It will not be just as quick to fly to the EU as before (Steve Parsons/PA)

British travelers may have to display a return or onward ticket at border checks, demonstrate they have enough cash for their stay and use separate queues from EU residents.

From Jan. 1, with some exceptions, such as baby formula, British citizens would not be permitted to take poultry, milk or items containing them into EU countries.

– Should I take my pet with me abroad?

Jan. 1 (Tim Ockenden/PA) terminates the UK-EU pet passport scheme.

The UK-EU pet passport scheme ends on January 1, and an animal health certificate will be provided for all animals brought into the EU.

The UK government encourages individuals to allow this certificate to be obtained for a month and any other vaccines their pet may require.

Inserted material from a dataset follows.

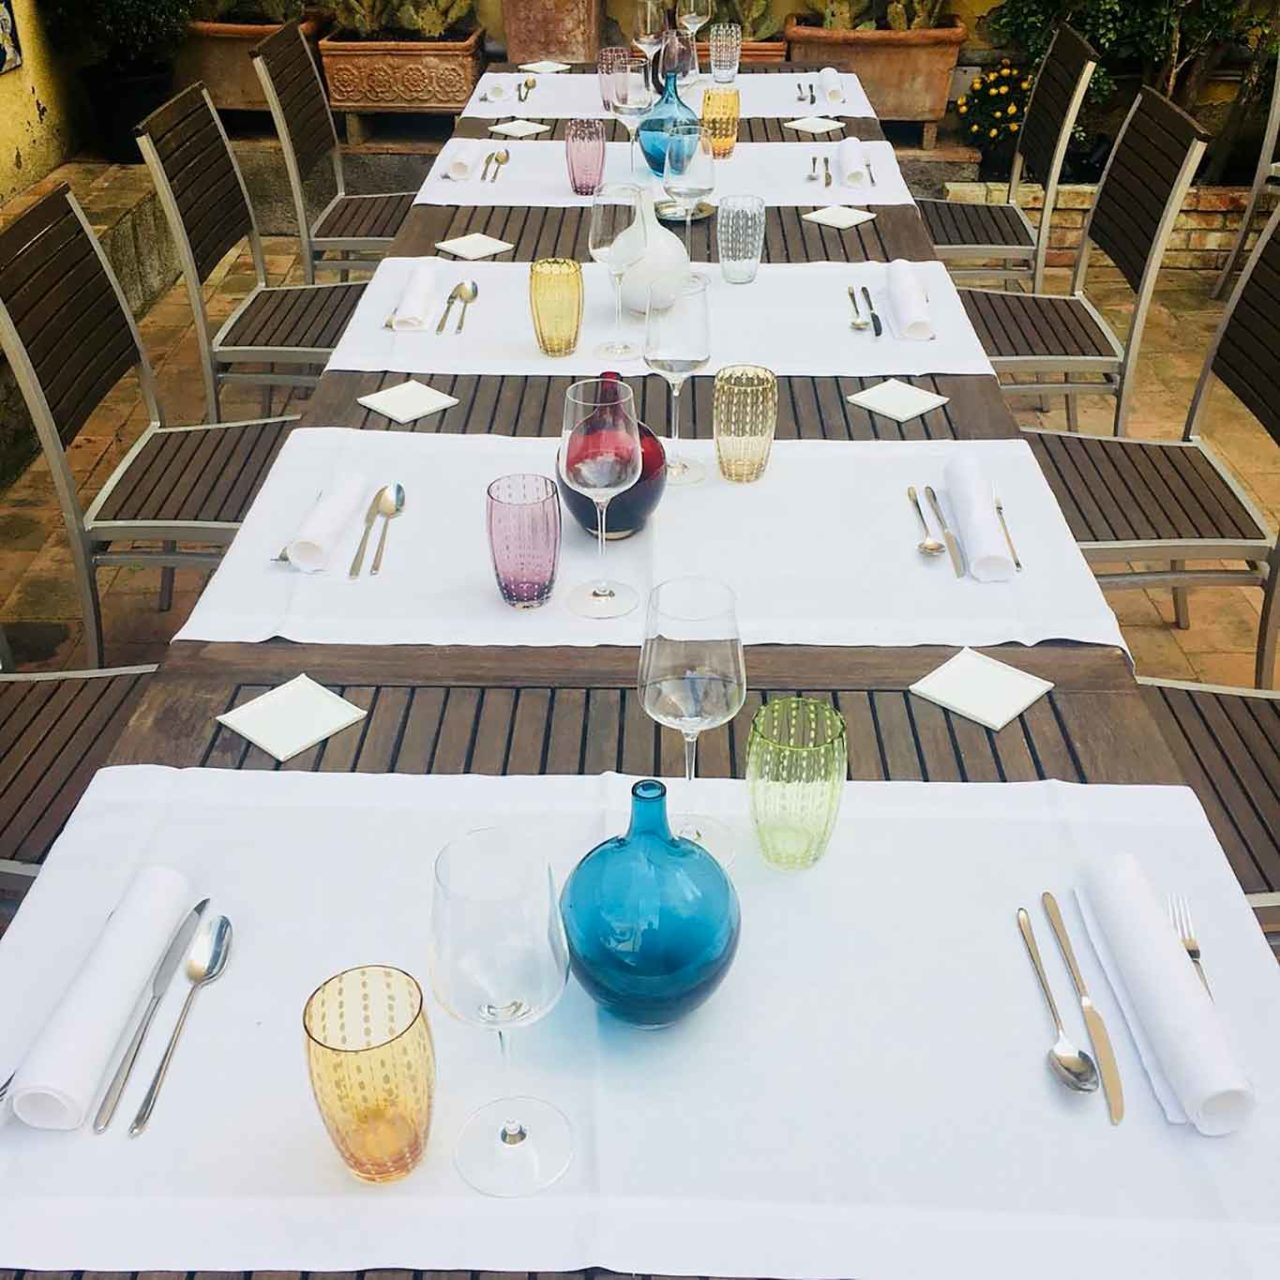 Kisté easy gourmet Taormina terrazza
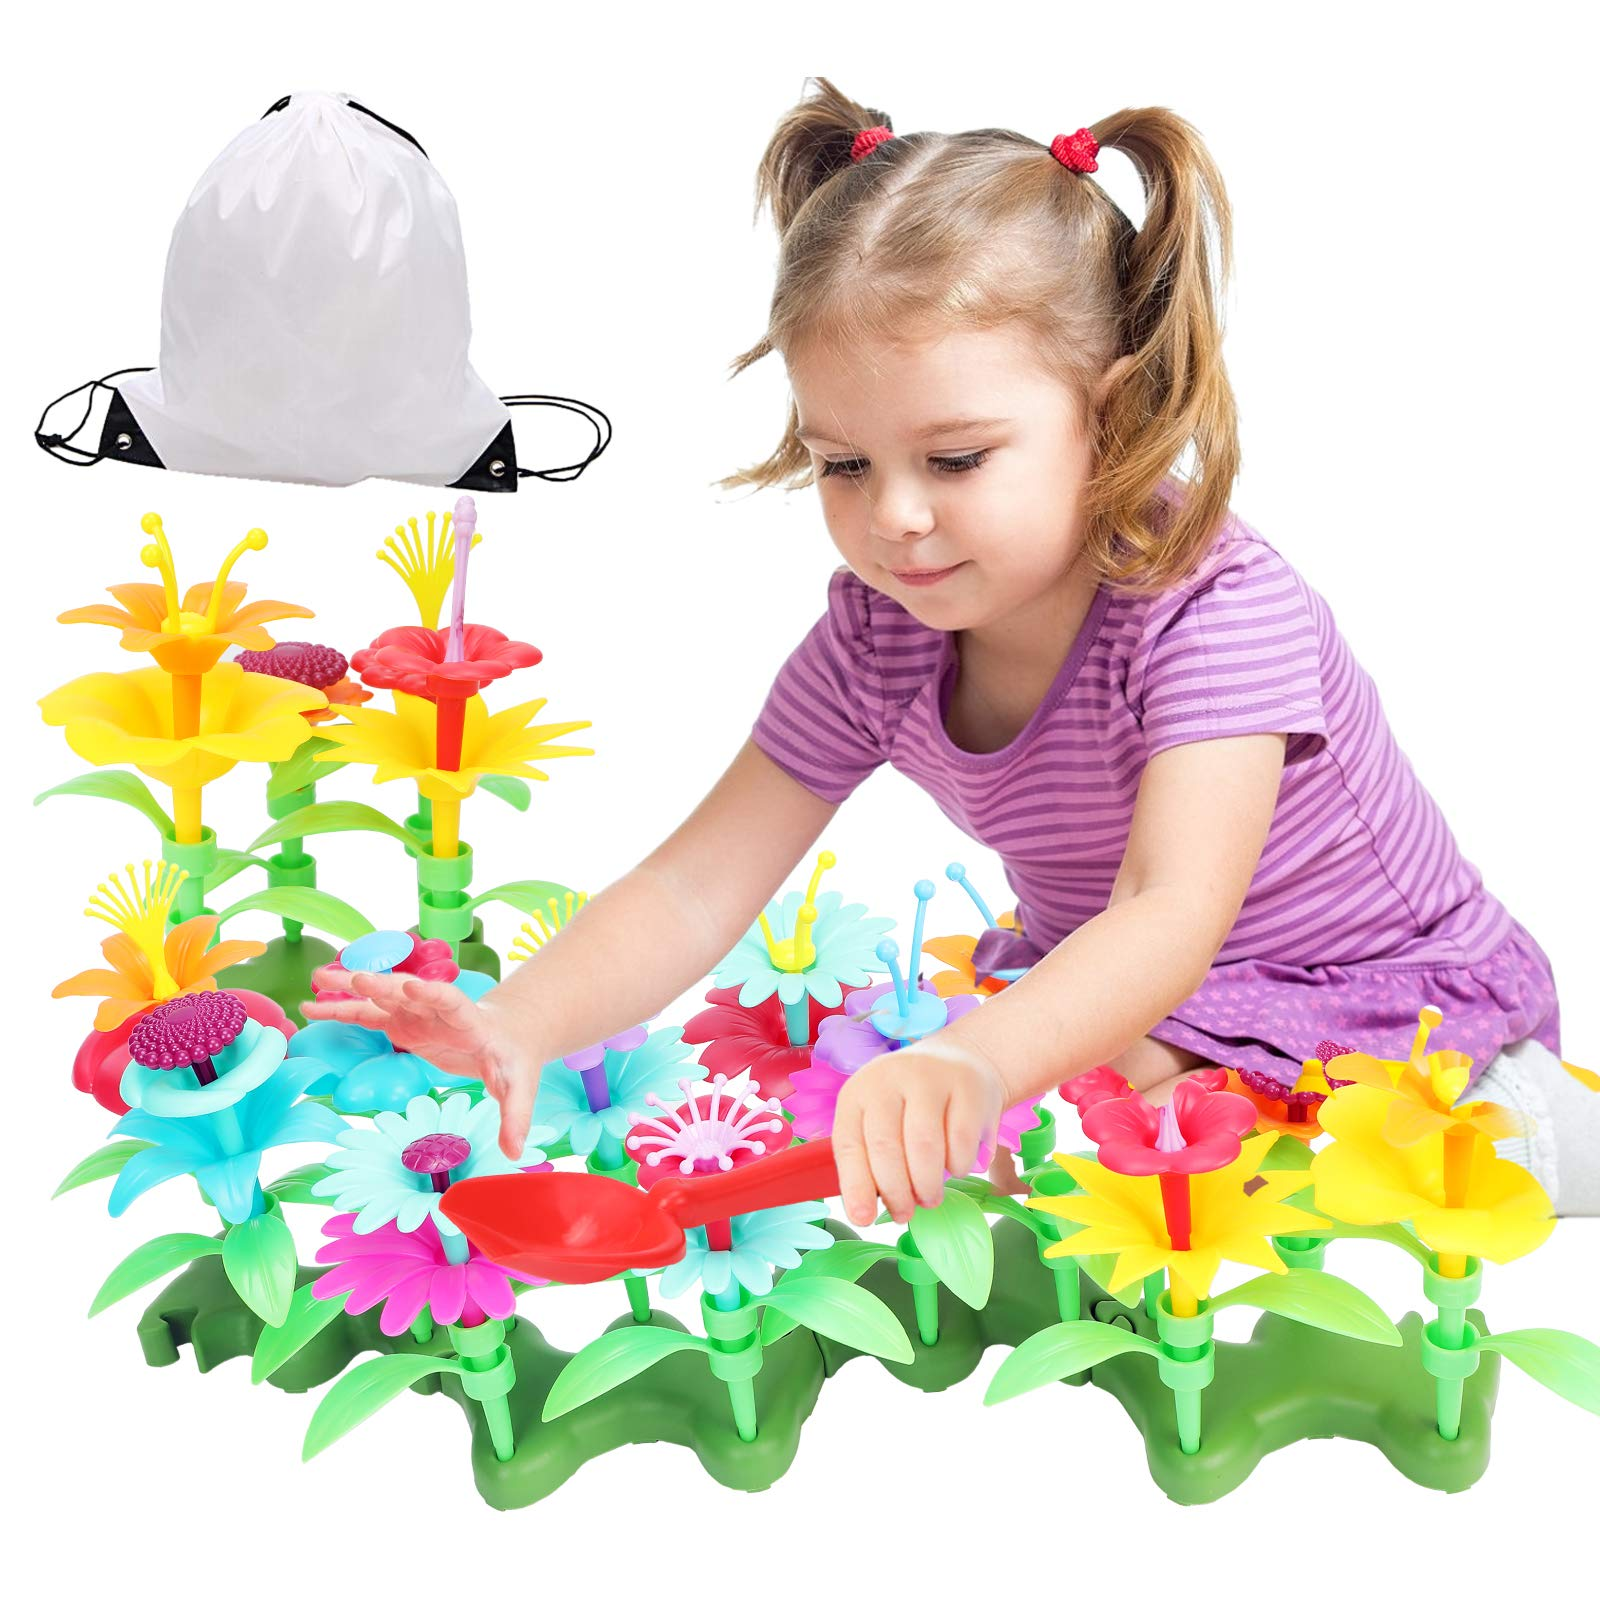 Jogotoll Flower Garden Building Toys138 PCS Gardening Pretend Set Gifts for 3-6

– In the EU, would I have access to health care?

British nationals in the EU, as well as citizens from member states in the UK, will continue to have access to health insurance.

During a temporary stay in an EU country, the European Health Insurance Card (EHIC) enables British citizens to access government health care.

Current EHICs, until they expire, remain true. When applying for a new passport, individuals can get a new U.K. In the case of an emergency or medical necessity, the Global Health Insurance Card (GHIC) will provide care.

GHICs and much of the U.K. as of Jan. 1, In Norway, Iceland, Liechtenstein or Switzerland, EHICs do not have coverage and people are encouraged to buy travel insurance.

The government has warned that an EHIC or GHIC is not a travel insurance substitute and encourages passengers to get insurance, even those with pre-existing conditions.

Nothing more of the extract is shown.